Разноцветная Царица ночи

1

Rapsodia onirica 2

Тюрьма в Тури, 1 июня 1931

«…Мне хотелось бы рассказать Делио сказку, что рассказывали у нас, – по-моему, интересную. Я тебе расскажу ее вкратце, а ты перескажешь подробно ему и Джулиано. Мальчик спит. К его пробуждению приготовлен кувшинчик молока. Молоко выпивает мышка. У мальчика больше нет молока, и он плачет, мама тоже плачет. Мышка в отчаянии бьется головою о стену, но скоро понимает, что толку от этого не будет, и бежит к козе, чтобы добыть молока. Коза согласна дать молока, но только когда поест травы. Мышка бежит на луг за травой, но пересохший луг просит воды. Мышка идет к источнику, но источник разрушен войной, и вода пропала: нужен каменщик, а ему нужны камни. Мышь идет к горе, там происходит возвышенный диалог между мышью и горой, на которой барышники свели леса, и теперь у нее всюду торчат кости, не покрытые землей. Мышь рассказывает горе всю историю с молоком и обещает, что мальчик, когда вырастет, снова насадит сосны, дубы, каштаны и т.д. Гора дает камни, каждый получает свое, и у мальчика теперь столько молока, что он в нем может купаться. Действительно, он вырастает, сажает деревья, и всё меняется: кости горы покрываются новым дёрном, дожди идут вовремя, потому что деревья задерживают влагу и не позволяют потокам опустошать равнину, и т. д. Словом, мышь задумывает самую настоящую пятилетку. Вот сказка, характерная для страны, разоренной сведением лесов. Милая Юлия, ты должна рассказать эту сказку малышам и потом сообщить мне их впечатление 3 .

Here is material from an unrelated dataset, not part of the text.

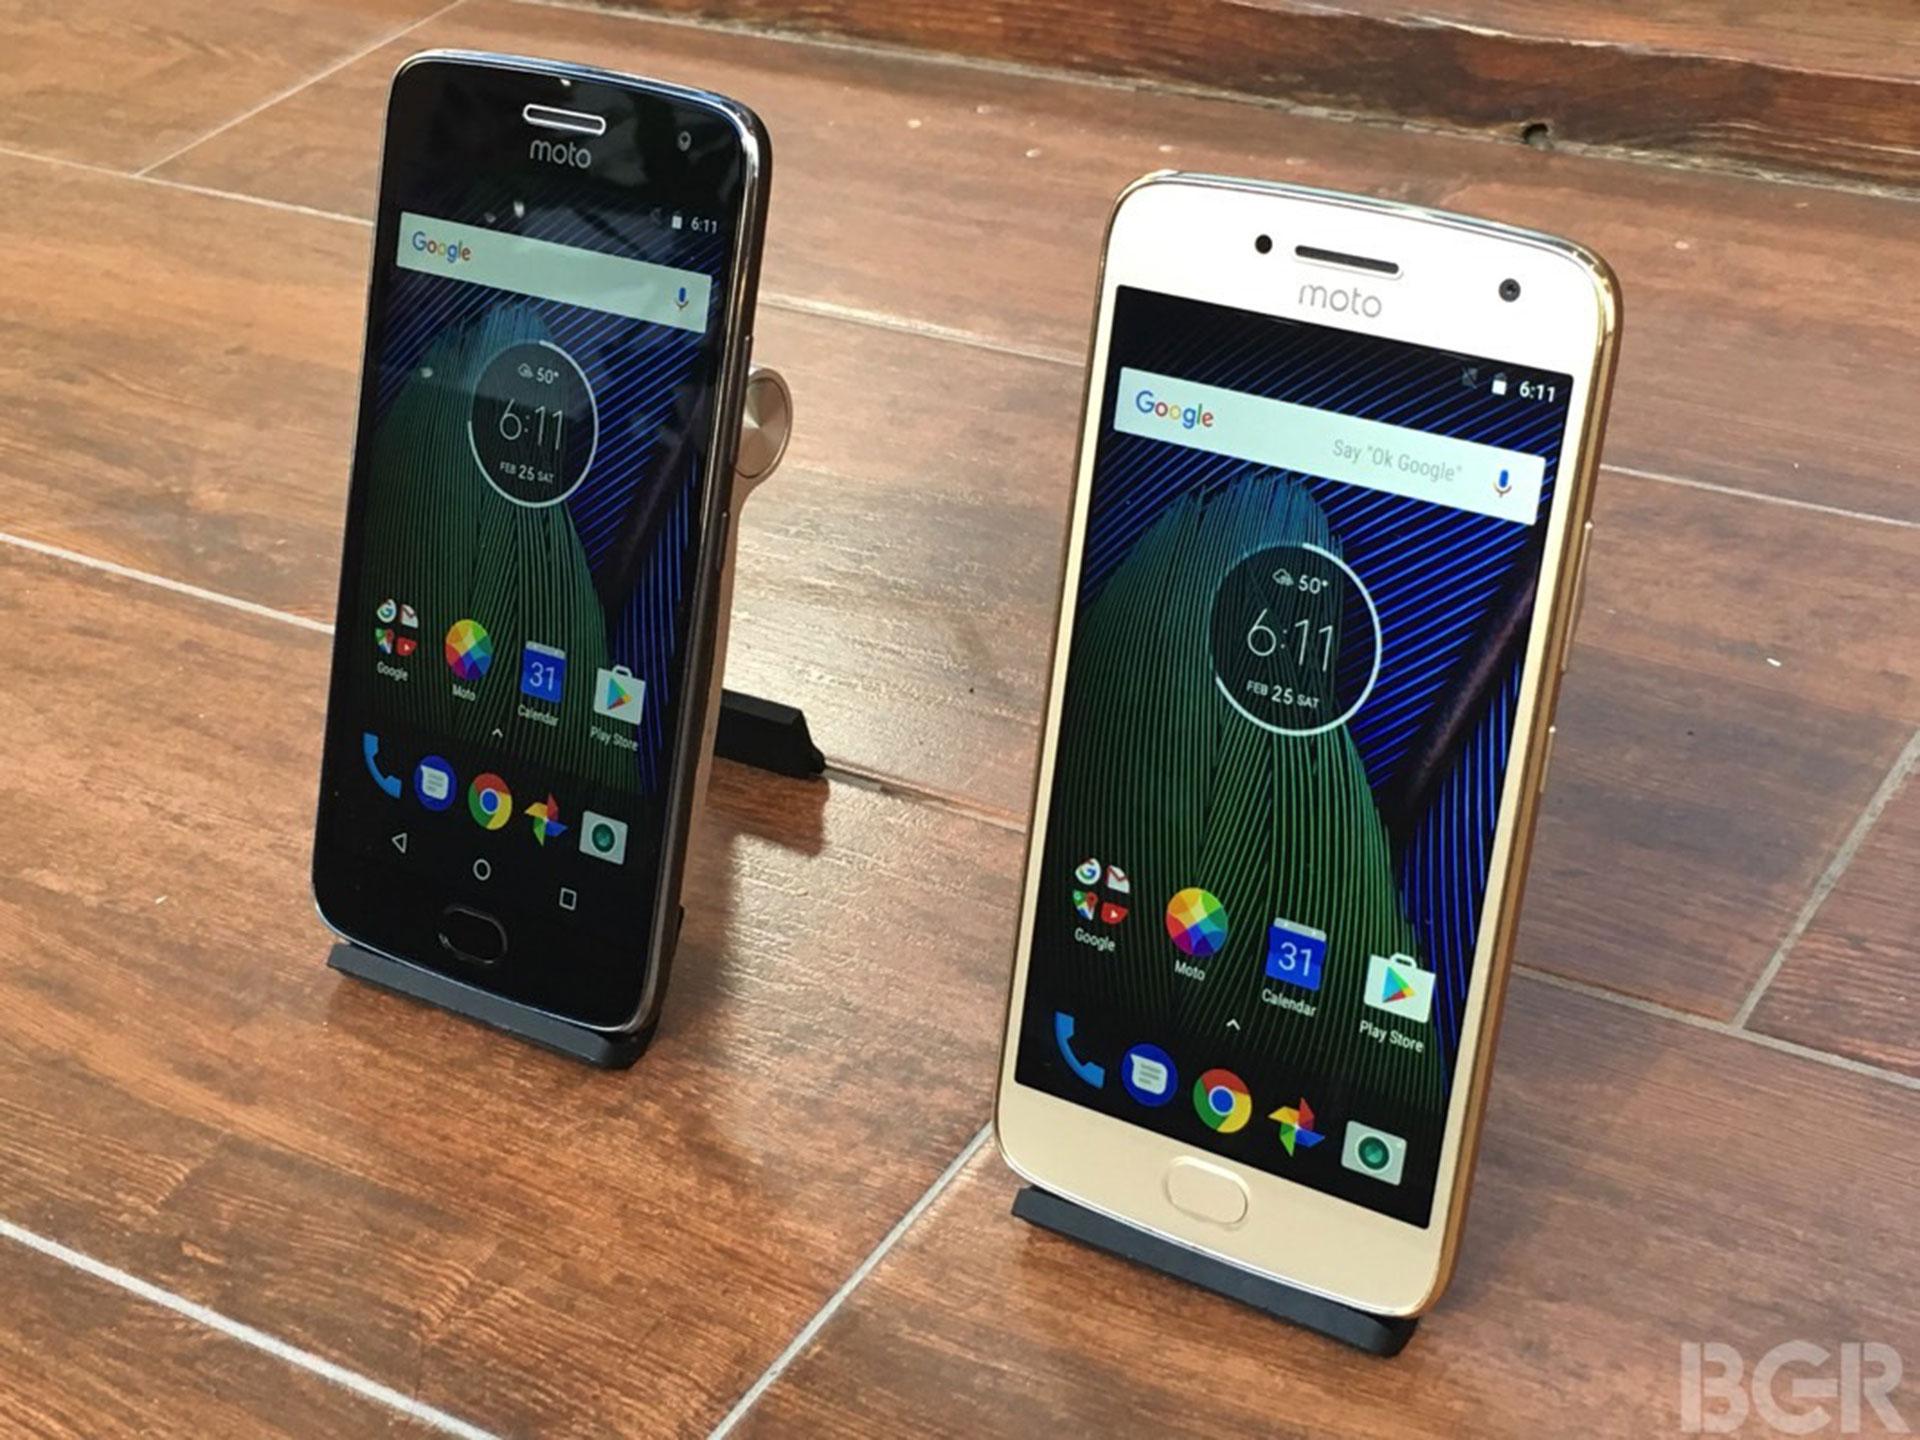 Lenovo lanzó sus teléfonos Moto G5 y Moto G5 Plus, que cuenta con Google Assistant y saldrán a la venta este marzo

     Нежно целую тебя, Антонио» 4 .

     «Цвет летних вечеров в Москве пахнет тоской», – думала Юлия, медленно дыша, полузакрыв глаза. Темнело. Она прикрыла окно, потому что стало уже прохладно, и прислонилась лбом к стеклу. От ее дыхания на стекле образовывалось легкое облачко. В детстве они играли так зимой: дышали не стекло и смотрели на узоры. И сейчас ей было холодно, потому что собственная кожа казалась ей мраморной, живой оболочкой статуи. Юлия смотрела на линии и завитки чернил на бумаге и думала о надписях на стенах, о древних окаменелостях. Она прикасалась кончиками пальцев к ровным строчкам его письма, и едва ощутимый рельеф прописных букв на бумаге вызывал нестойкое ощущение контакта. Может быть, он так же проводил пальцем по обрезу фотографической карточки, которую она послала ему, и время для него замирало. Для Юлии это состояние – замершего времени, разреженного воздуха – стало постоянным, она воспринимала реальность как сквозь сон, сквозь пелену воспоминаний и слезы во сне.

     Юлия открыла футляр скрипки. Там, под некогда любимым, а теперь оставленном в небрежении инструментом валялись в беспорядке письма со штемпелем цензуры. Слова, написанные в них, потеряли чистоту под чужими взглядами, да и сами письма казались ей увядшими листьями, прилипшими к бархату футляра давно онемевшей скрипки.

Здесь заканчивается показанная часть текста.